717stormanalysis.jpg


This storm might be the PERFECT example of lake breeze enhancement. This formed on 7/17/03. That day was dominated by multicellular convection (a normal ring-of-fire day). This storm hit a weak lake breeze and absolutely EXPLODED. As it hit my house, we had downburst/microburst winds of 90-100 MPH and golf-ball with isolated tennis-ball-sized hail CONCURRENTLY. It stands today as one of THE most severe non-tornadic storms in this area's history.

p.s. On that image, the arrow should be pointing a bit more southerly. It's hard to mark storm movement on a still image without a zoomed-in loop off of memories from three years ago. Everything else is correct. The meso was beginning to occlude; a funnel cloud was sighted seven miles due south of "me", and the storm was moving SE; the new meso formed due south of the location in the image. The storm was becoming outflow dominant gradually; by the time it reached the southern end of Lake County, it was outflow dominant and quickly merged with other storms to the SE to form an MCS.
 
that storm knocked down 100-200 trees in my town had gusts i clocked easily over 70 mph i live across the street from a cemetary and all i remember is a whooshing noise and then tree after tree going down, one of those trees barely missed my car.......weird thing was they issued a svr for my town AFTER the storm hit
 
We had a TOR on that storm (for good reason as you can see). I don't know exactly what kept it from producing. My first guess would be LCLs; however, I can't remember the specific conditions that day.
 
Here's a thought by SPC regarding today..... note the end of the paragraph!!

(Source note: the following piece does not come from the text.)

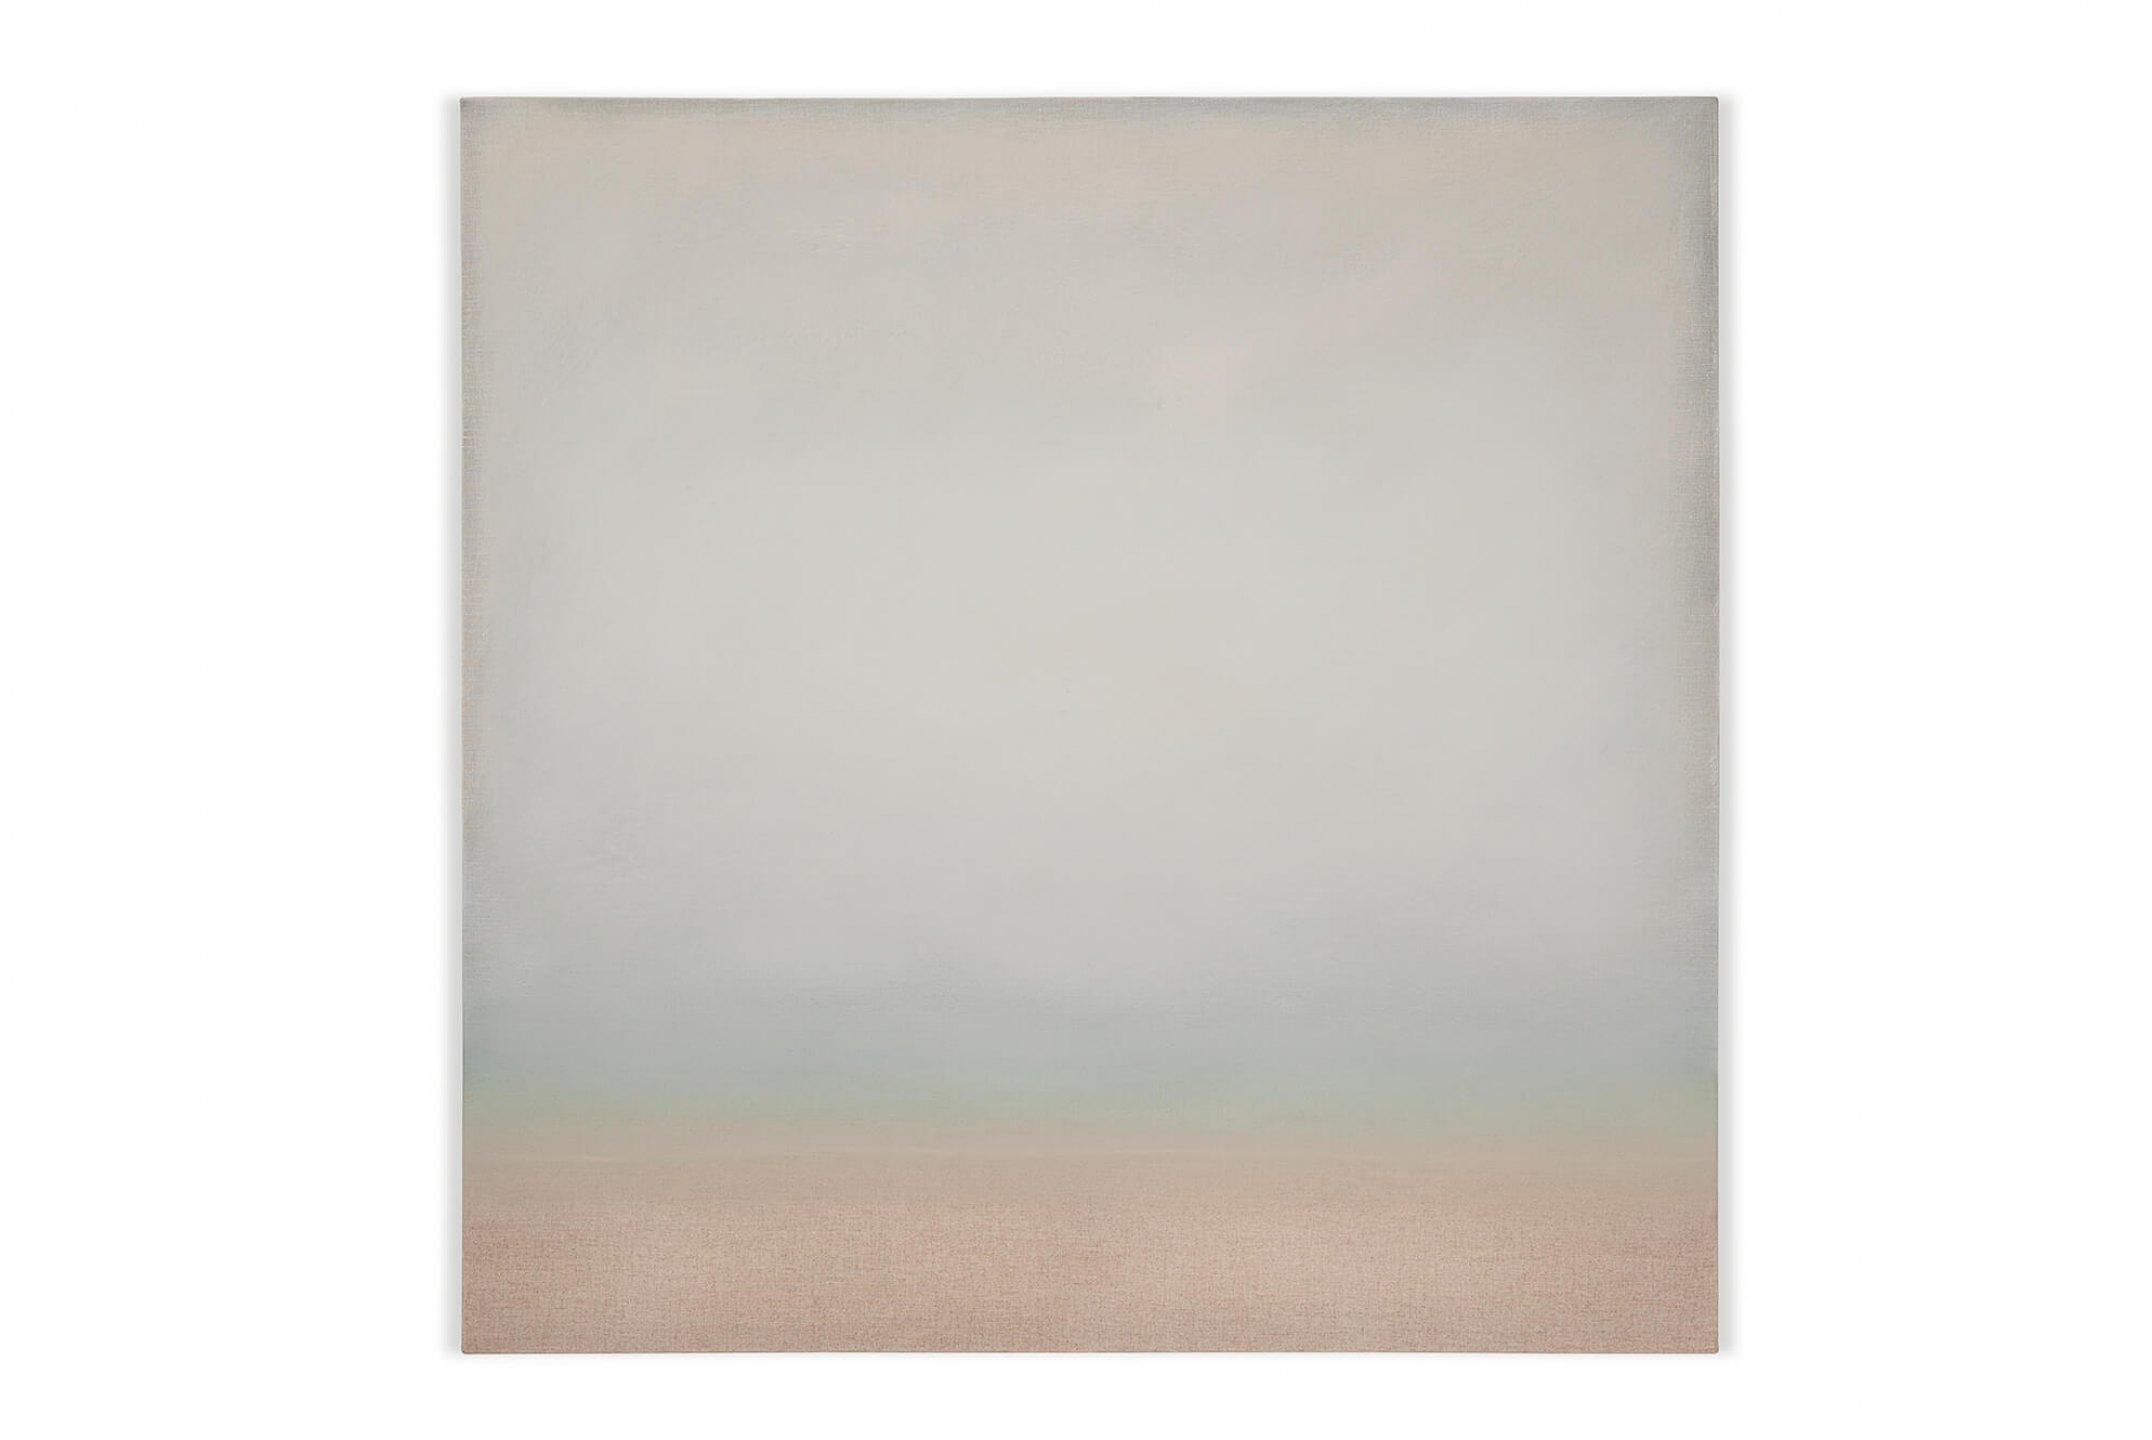 Lucas Arruda,&nbsp;<em>untitled</em>, 2014, oil on canvas, 80 × 80 cm - Mendes Wood DM

" ...UPPER MS VALLEY/GREAT LAKES...
FRONTAL ZONE WILL DEVELOP EWD/SEWD INTO INCREASINGLY UNSTABLE AIR
MASS FROM WI/UPPER MI TO LOWER MI AND SWRN ONTARIO. GREATER LOW
LEVEL MOISTURE ADVECTING ENEWD FROM THE CORN BELT COUPLED WITH
DIURNAL HEATING WILL CONTRIBUTE TO THE DEVELOPMENT OF MODEST
INSTABILITY /MLCAPE 1000-1500 J/KG/ AS THE SHORT WAVE TROUGH AND
FRONT APPROACH DURING THE AFTERNOON. LOW THROUGH MID LEVEL FLOW WILL
INCREASE THROUGH THE DAY AND LEAD TO MORE THAN SUFFICIENT SHEAR FOR
ORGANIZED STORMS. LINEAR FORCING WITH THE FRONT SUGGESTS POTENTIAL
WILL EXIST FOR LINE SEGMENT/BOW ECHO FORMATION WITH THE WIND DAMAGE
THREAT INCREASING FROM WI ACROSS LOWER MI THROUGH THE AFTERNOON AND
INTO THE EVENING. SUPERCELL TORNADO AND LARGE HAIL POTENTIAL CANNOT
BE RULED OUT WITH FORECAST SOUNDINGS DEPICTING INCREASINGLY STRONG
LOW LEVEL FLOW AND EFFECTIVE SRH VALUES IN EXCESS OF 200 M2/S2
ACROSS WEAKLY CAPPED WARM SECTOR. LAKE BREEZE BOUNDARY/CELL
INTERACTIONS MAY ALSO LOCALLY ENHANCE THE CHANCE FOR BRIEF
TORNADOES.
"

http://spc.noaa.gov/products/outlook/day1otlk.html

I just thought that an interesting thing based on this particular discussion the last few days.
I live about 11 miles from Lake Michigan also....
Laura
 
I remember that day. My dad got bombarded with hail coming home from work while here in Lombard we got nothing.